5.5 Sampling Distributions for Sample Proportions

When we sample from a population and calculate the sample proportion p̂, this statistic has its own distribution with predictable properties.

Sampling Distribution of p̂

Shape: Approximately Normal (if conditions are met)

Center: μ_p̂ = p (the true population proportion)

Spread: σ_p̂ = √[p(1−p)/n]

Conditions for Normality

For the sampling distribution of p̂ to be approximately Normal:

1. Random Sample

Data must come from a random sample or randomized experiment.

2. Independence (10% Condition)

When sampling without replacement, n ≤ 10% of population size.

3. Large Counts (Success/Failure Condition)

np ≥ 10   AND   n(1−p) ≥ 10

Both expected counts must be at least 10.

Formulas for the Sampling Distribution of p̂

Mean

μ_p̂ = p

Standard Deviation (Standard Error)

σ_p̂ =
p(1−p)
n

Example: A polling company samples 400 voters. If the true proportion supporting a candidate is p = 0.55, describe the sampling distribution of p̂.

Check Conditions:

• Random: Assume random sample ✓

• 10%: 400 < 10% of all voters ✓

• Large Counts: np = 400(0.55) = 220 ≥ 10 ✓

n(1−p) = 400(0.45) = 180 ≥ 10 ✓

Sampling Distribution:

μ_p̂ = 0.55

σ_p̂ = √[(0.55)(0.45)/400] = √[0.2475/400] = √0.000619 ≈ 0.0249

p̂ ~ N(0.55, 0.0249)

Follow-up: What's the probability that p̂ > 0.60?

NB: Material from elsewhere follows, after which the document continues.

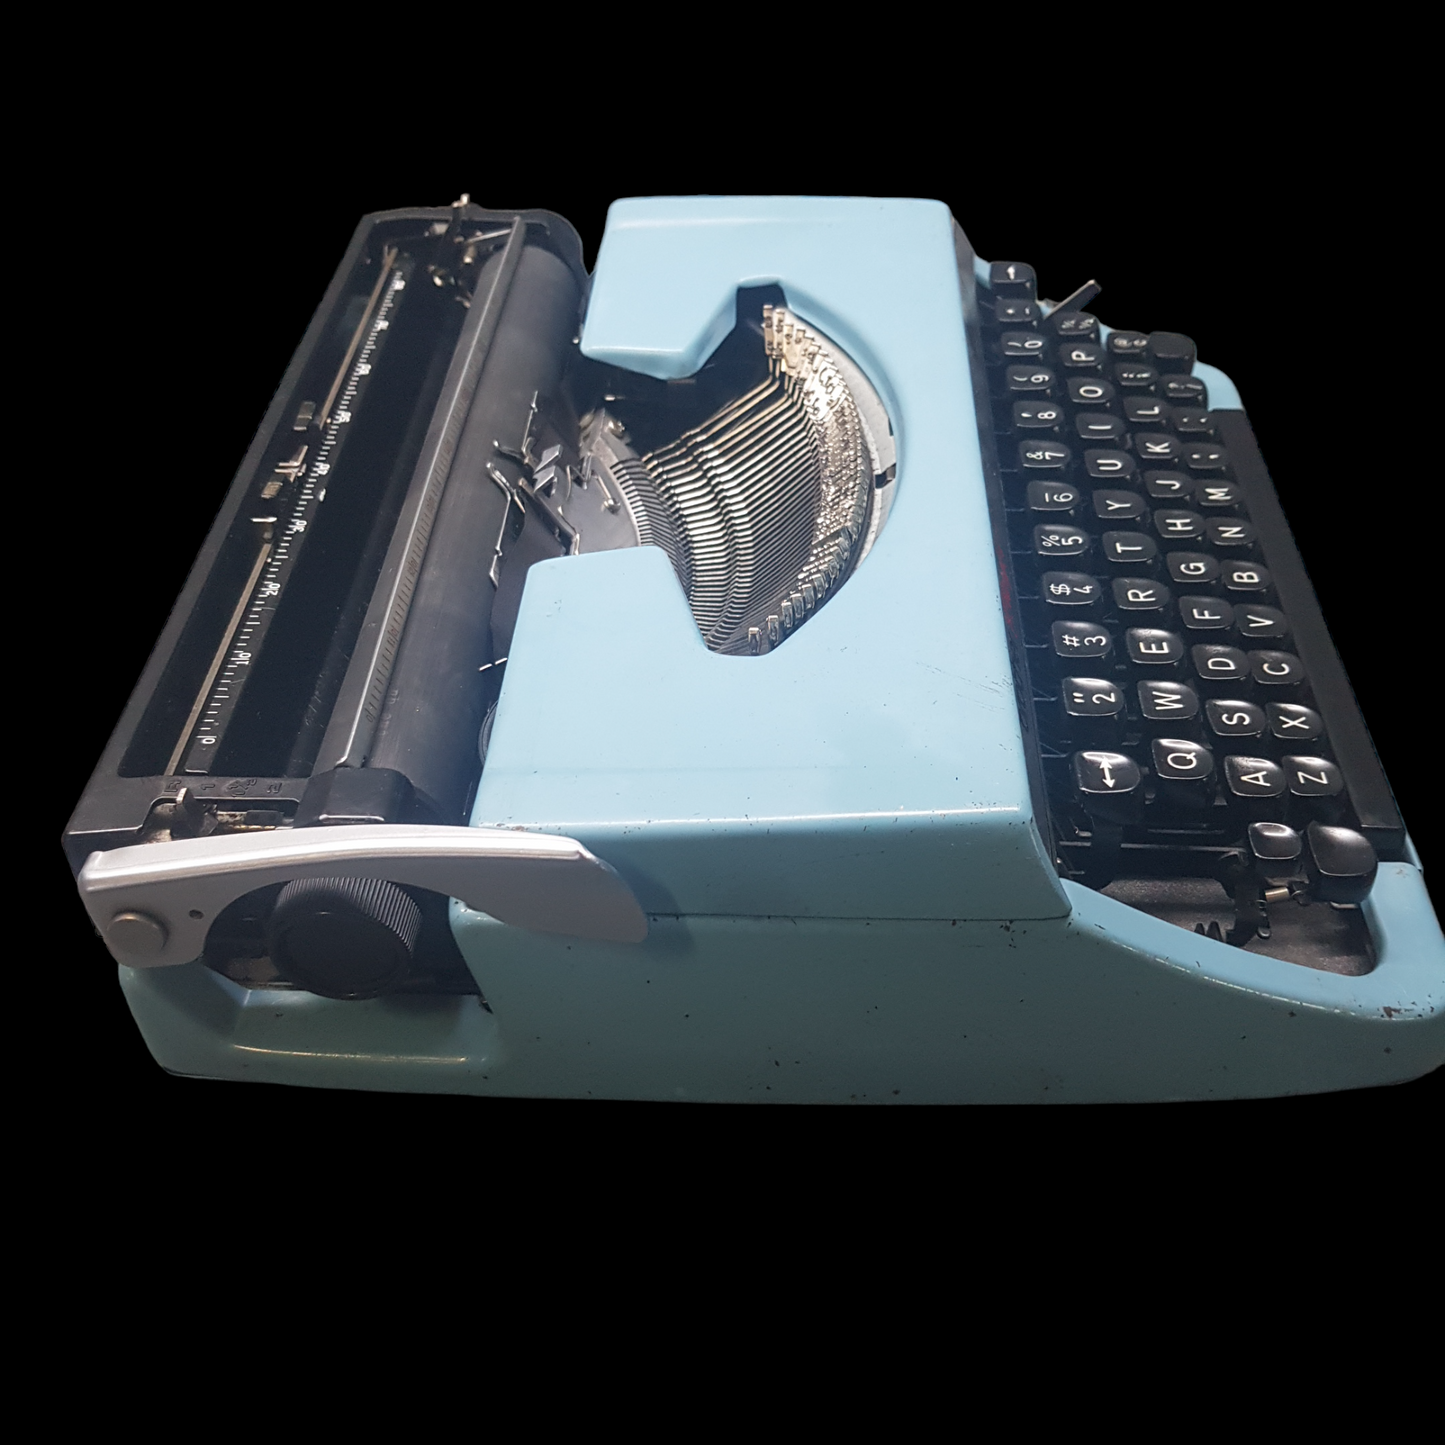 Image of Brother Charger 11 Typewriter. Portable Typewriter. Original Blue. Made in Japan. Available from universaltypewritercompany.in.

z = (0.60 − 0.55) / 0.0249 = 0.05 / 0.0249 ≈ 2.01

P(p̂ > 0.60) = P(Z > 2.01) ≈ 0.0222

There's about a 2.2% chance the sample proportion exceeds 0.60.

Exam Tip: Always check ALL THREE conditions before using Normal calculations. State them explicitly on the AP exam — this is worth points!

5.6 Sampling Distributions for Differences in Sample Proportions

When comparing two populations, we often want to estimate the difference between their proportions. The sampling distribution of p̂₁ − p̂₂ tells us how this difference varies.

Setting: Two independent random samples from two populations:

  • Population 1: proportion p₁, sample size n₁, sample proportion p̂₁
  • Population 2: proportion p₂, sample size n₂, sample proportion p̂₂

Sampling Distribution of p̂₁ − p̂₂

Shape: Approximately Normal (if conditions are met)

Center: μ_(p̂₁−p̂₂) = p₁ − p₂

Spread: σ_(p̂₁−p̂₂) = √[p₁(1−p₁)/n₁ + p₂(1−p₂)/n₂]

Conditions for Normality

For EACH sample independently:

  • Random: Both samples are random samples
  • 10%: n₁ ≤ 10% of population 1, n₂ ≤ 10% of population 2
  • Large Counts: n₁p₁ ≥ 10, n₁(1−p₁) ≥ 10, n₂p₂ ≥ 10, n₂(1−p₂) ≥ 10

Additionally: The two samples must be independent of each other.

🎯 Why Do Variances Add?

When combining independent random variables, variances always add (even for subtraction!):

Var(p̂₁ − p̂₂) = Var(p̂₁) + Var(p̂₂)

This is why we add the variance terms under the square root.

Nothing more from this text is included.